* _Your assignment_
The listing has to be given again in full and exactly.

□ □ □ □ □

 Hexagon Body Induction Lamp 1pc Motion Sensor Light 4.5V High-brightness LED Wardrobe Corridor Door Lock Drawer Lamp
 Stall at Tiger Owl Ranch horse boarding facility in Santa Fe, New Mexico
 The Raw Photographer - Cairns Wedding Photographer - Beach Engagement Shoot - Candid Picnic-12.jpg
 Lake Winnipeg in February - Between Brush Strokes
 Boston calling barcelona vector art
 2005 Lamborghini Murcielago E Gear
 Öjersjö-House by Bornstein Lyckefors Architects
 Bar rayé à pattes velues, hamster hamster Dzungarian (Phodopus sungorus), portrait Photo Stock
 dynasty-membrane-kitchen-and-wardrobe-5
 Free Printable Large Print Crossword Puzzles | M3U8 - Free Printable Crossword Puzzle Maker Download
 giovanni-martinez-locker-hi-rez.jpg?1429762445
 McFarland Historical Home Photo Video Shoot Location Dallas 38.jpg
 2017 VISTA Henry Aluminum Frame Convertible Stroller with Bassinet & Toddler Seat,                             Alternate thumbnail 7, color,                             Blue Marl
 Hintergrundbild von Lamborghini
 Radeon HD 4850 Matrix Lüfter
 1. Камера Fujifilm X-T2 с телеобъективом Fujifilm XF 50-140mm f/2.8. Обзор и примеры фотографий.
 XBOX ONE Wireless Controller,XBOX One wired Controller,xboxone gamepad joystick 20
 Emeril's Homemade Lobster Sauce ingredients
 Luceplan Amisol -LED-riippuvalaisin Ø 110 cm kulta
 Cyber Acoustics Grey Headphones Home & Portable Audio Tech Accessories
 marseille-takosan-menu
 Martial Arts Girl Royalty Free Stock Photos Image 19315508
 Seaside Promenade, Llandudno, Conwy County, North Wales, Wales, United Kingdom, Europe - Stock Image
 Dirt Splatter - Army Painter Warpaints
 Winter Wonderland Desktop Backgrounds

□ □ □ □ □

* _Response to this exercise_
 Hexagon Body Induction Lamp 1pc Motion Sensor Light 4.5V High-brightness LED Wardrobe Corridor Door Lock Drawer Lamp
 Stall at Tiger Owl Ranch horse boarding facility in Santa Fe, New Mexico
 The Raw Photographer - Cairns Wedding Photographer - Beach Engagement Shoot - Candid Picnic-12.jpg
 Lake Winnipeg in February - Between Brush Strokes
 Boston calling barcelona vector art
 2005 Lamborghini Murcielago E Gear
 Öjersjö-House by Bornstein Lyckefors Architects
 Bar rayé à pattes velues, hamster hamster Dzungarian (Phodopus sungorus), portrait Photo Stock
 dynasty-membrane-kitchen-and-wardrobe-5
 Free Printable Large Print Crossword Puzzles | M3U8 - Free Printable Crossword Puzzle Maker Download
 giovanni-martinez-locker-hi-rez.jpg?1429762445
 McFarland Historical Home Photo Video Shoot Location Dallas 38.jpg
 2017 VISTA Henry Aluminum Frame Convertible Stroller with Bassinet & Toddler Seat,                             Alternate thumbnail 7, color,                             Blue Marl
 Hintergrundbild von Lamborghini
 Radeon HD 4850 Matrix Lüfter
 1. Камера Fujifilm X-T2 с телеобъективом Fujifilm XF 50-140mm f/2.8. Обзор и примеры фотографий.
 XBOX ONE Wireless Controller,XBOX One wired Controller,xboxone gamepad joystick 20
 Emeril's Homemade Lobster Sauce ingredients
 Luceplan Amisol -LED-riippuvalaisin Ø 110 cm kulta
 Cyber Acoustics Grey Headphones Home & Portable Audio Tech Accessories
 marseille-takosan-menu
 Martial Arts Girl Royalty Free Stock Photos Image 19315508
 Seaside Promenade, Llandudno, Conwy County, North Wales, Wales, United Kingdom, Europe - Stock Image
 Dirt Splatter - Army Painter Warpaints
 Winter Wonderland Desktop Backgrounds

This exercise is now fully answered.